While the Governor’s testimony transcript was paraphrased and direct-quoted in portions, the entire document is a worthwhile read and is an interesting case study on speech patterns — an aspect of Governor Palin that is frequently severely, but unjustly criticized.
This transcript clearly demonstrates Governor Palin’s ability to build a case on complex subject matter, and present it succinctly in easily understood language. All her speeches are in this format.

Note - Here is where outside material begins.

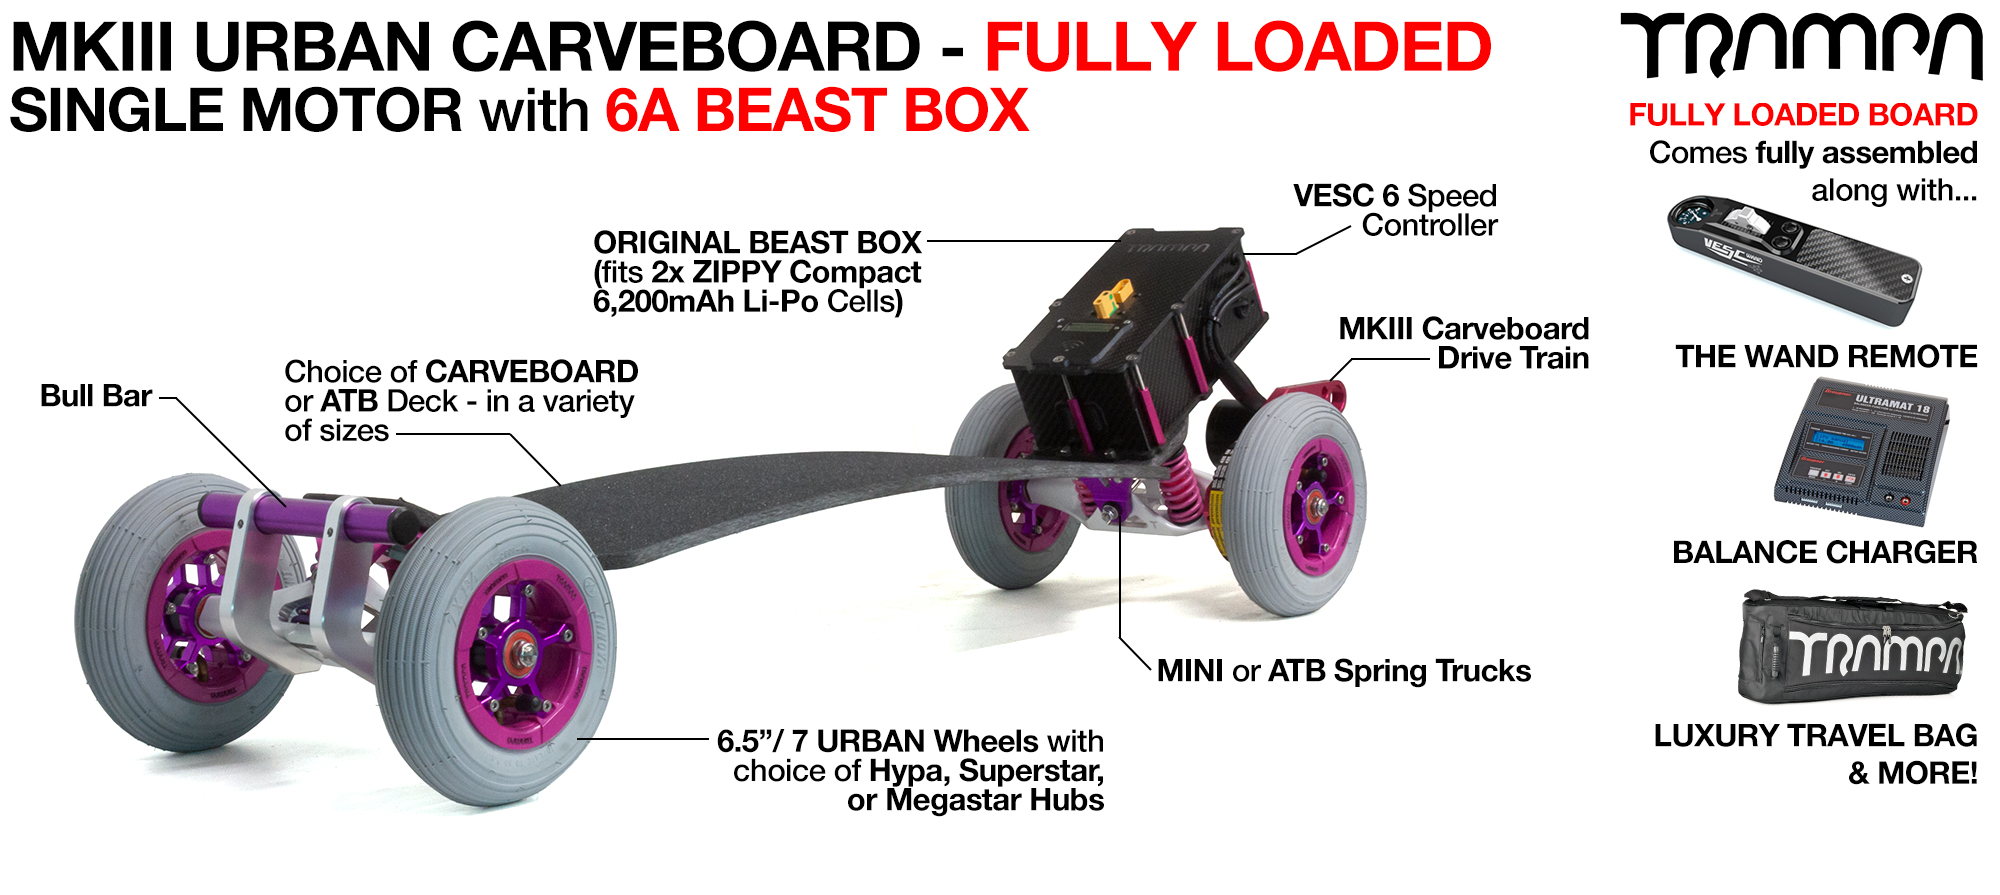 TRAMPA's MkIII Electric URBAN Carveboard - uses Mini Spring Trucks with MkIII Carve board Motor Mount's Custom TRAMPA hubs & 125mm URBAN longboard Tyres - SINGLE Motor 6.2A FULLY LOADED  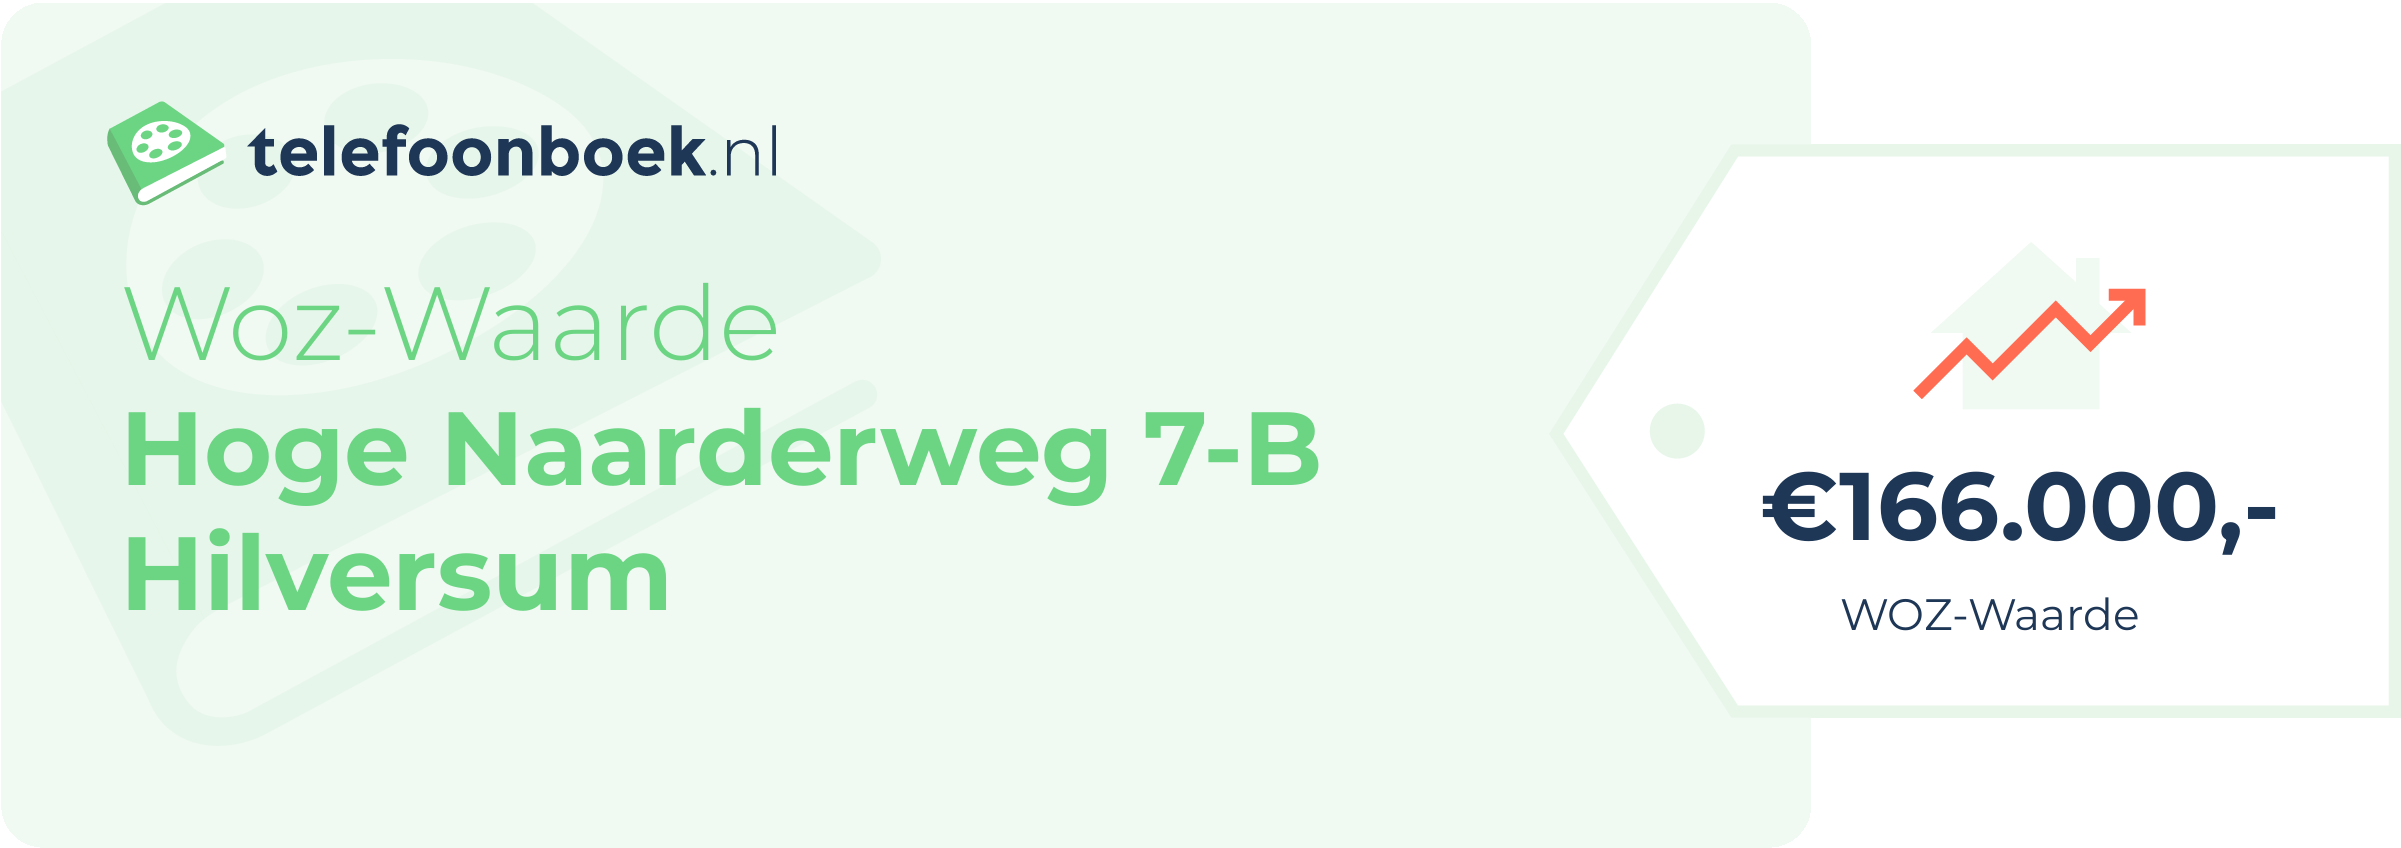 WOZ-waarde Hoge Naarderweg 7-B Hilversum

The Governor uses the same APA citation and reference model this author uses. Perusing this document as a speech shows that her skills in this area are considerable and not given their proper due. She did not require the services of a teleprompter. Governor Palin knew the content cold. She did her testimony the old fashioned way — flicking her eyes down to read the copy, then speaking the words looking ahead to Secretary Salazar, who she was addressing. These are crystal clear indications of a subject matter expert discussing something with which she is very comfortable.
Governor lauds mobilization at Point Thomson. (2009, April 13). State of Alaska, Governor. Retrieved April 15, 2009 from: http://www.gov.state.ak.us/news.php?id=1746
Governor Palin testifies on outer continental shelf. State of Alaska, Governor. Retrieved April 15, 2009 from: http://www.gov.state.ak.us/news.php?id=1749
Palin, S.L.H. (2009, April 14). Testimony transcript on development of Alaska’s Outer Continental Shelf – Delivered during Secretary Salazar’s April 14, 2009 visit to Alaska. State of Alaska, Governor. Retrieved April 15, 2009 from: http://www.gov.state.ak.us/pdf/GovPalinRemarks-SectSalazar_Apr14-2009.pdf
Ross, M. (2009, February 19). ExxonMobil announces plan to put Alaska’s Point Thomson Field on production. ExxonMobil.. Retrieved April 15, 2009 from: http://www.businesswire.com/portal/site/exxonmobil/index.jsp?ndmViewId=news_view&ndmConfigId=1001106&newsId=20080219006751&newsLang=en
Updated to repair two grammatical errors.